**EXTRACTED INFORMATION**.
= = = =
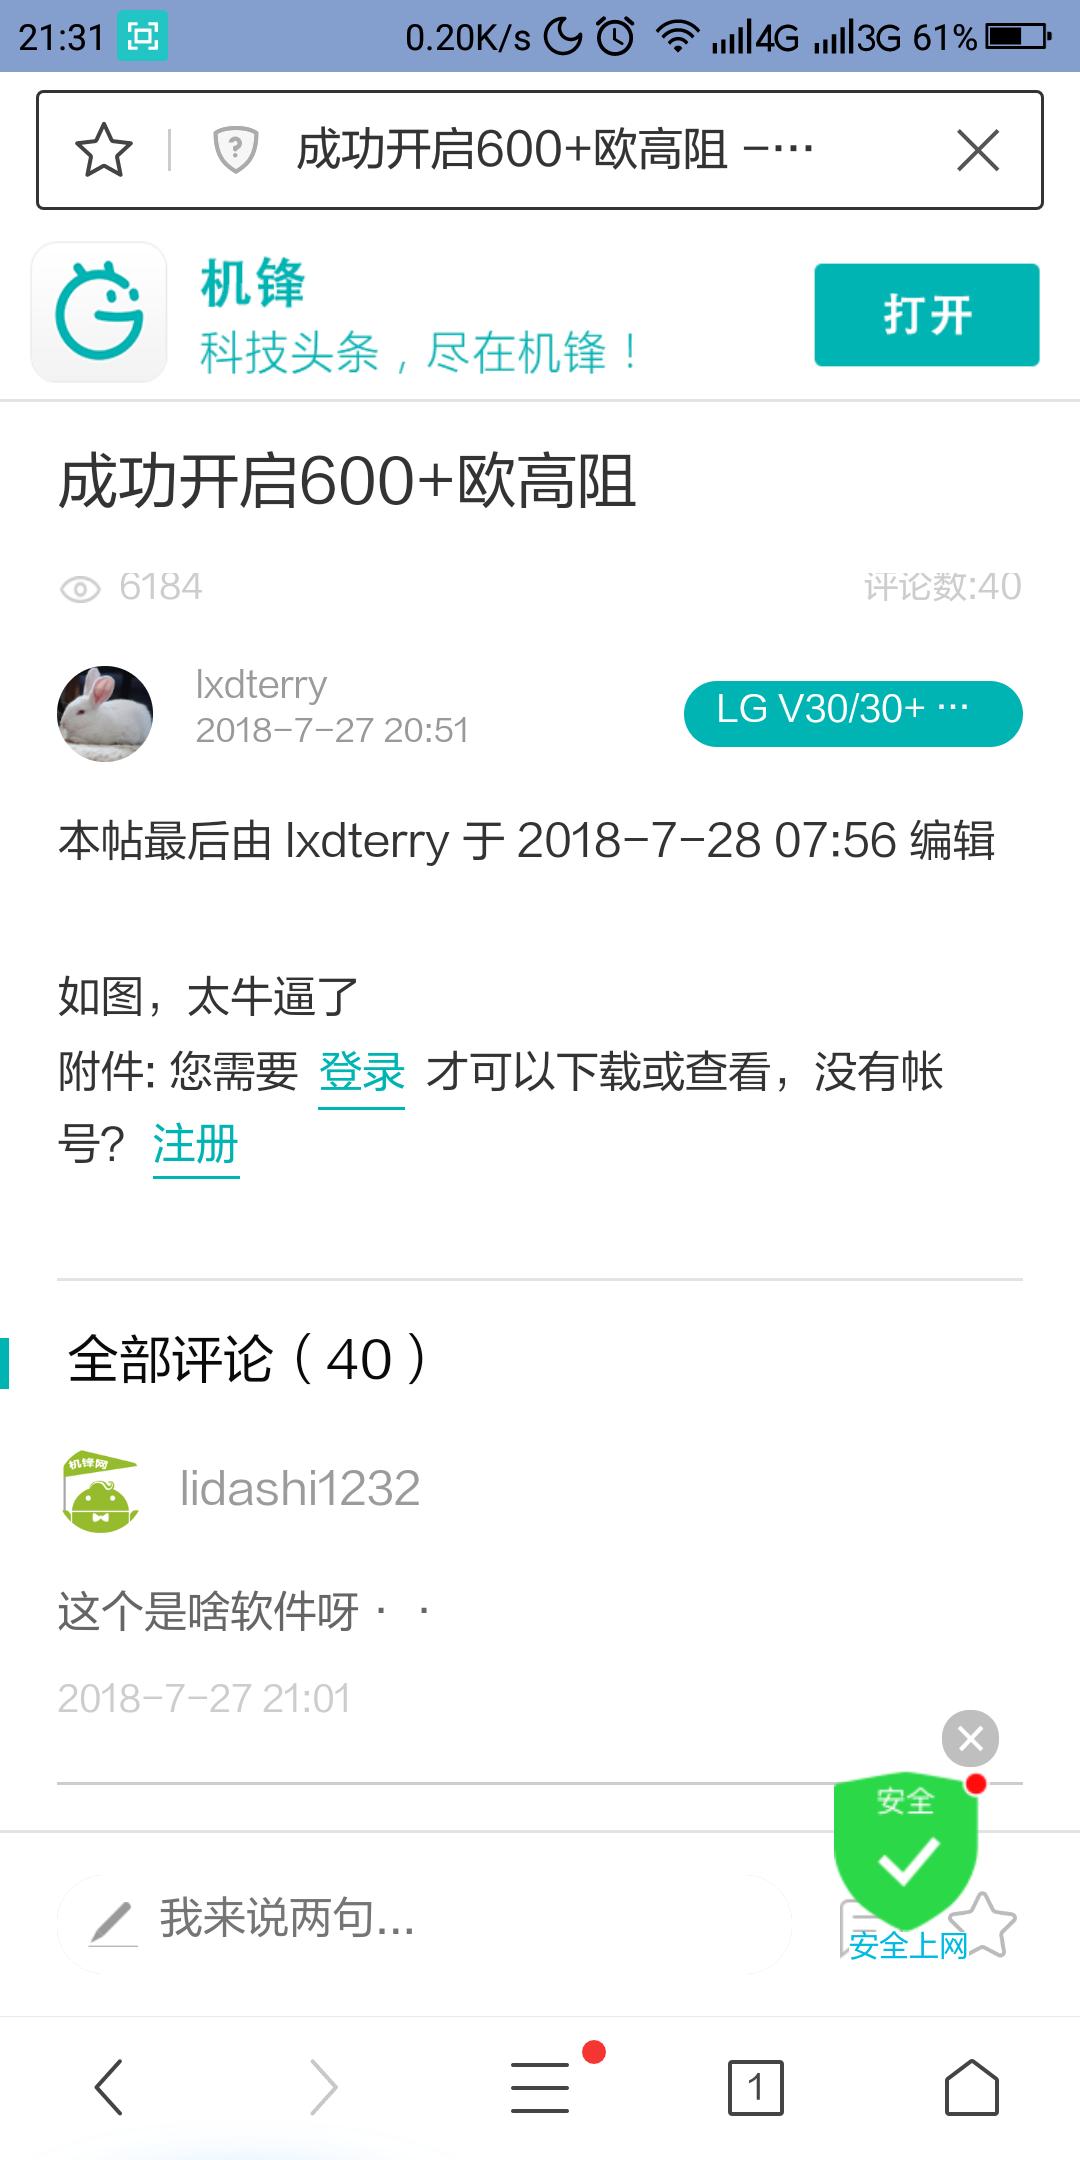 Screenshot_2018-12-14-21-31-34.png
= = = =
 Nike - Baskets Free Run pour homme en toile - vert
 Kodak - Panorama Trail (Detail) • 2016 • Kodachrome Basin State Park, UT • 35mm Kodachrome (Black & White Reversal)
= = = =
**ACTIVITY**.
From the listing above, return the lines starting at the one with "Nike - Baskets" and ending at the one with "Kodak - Panorama", both kept, exactly as they appear and nothing more.

**RESULT**.
 Nike - Baskets Free Run pour homme en toile - vert
 Kodak - Panorama Trail (Detail) • 2016 • Kodachrome Basin State Park, UT • 35mm Kodachrome (Black & White Reversal)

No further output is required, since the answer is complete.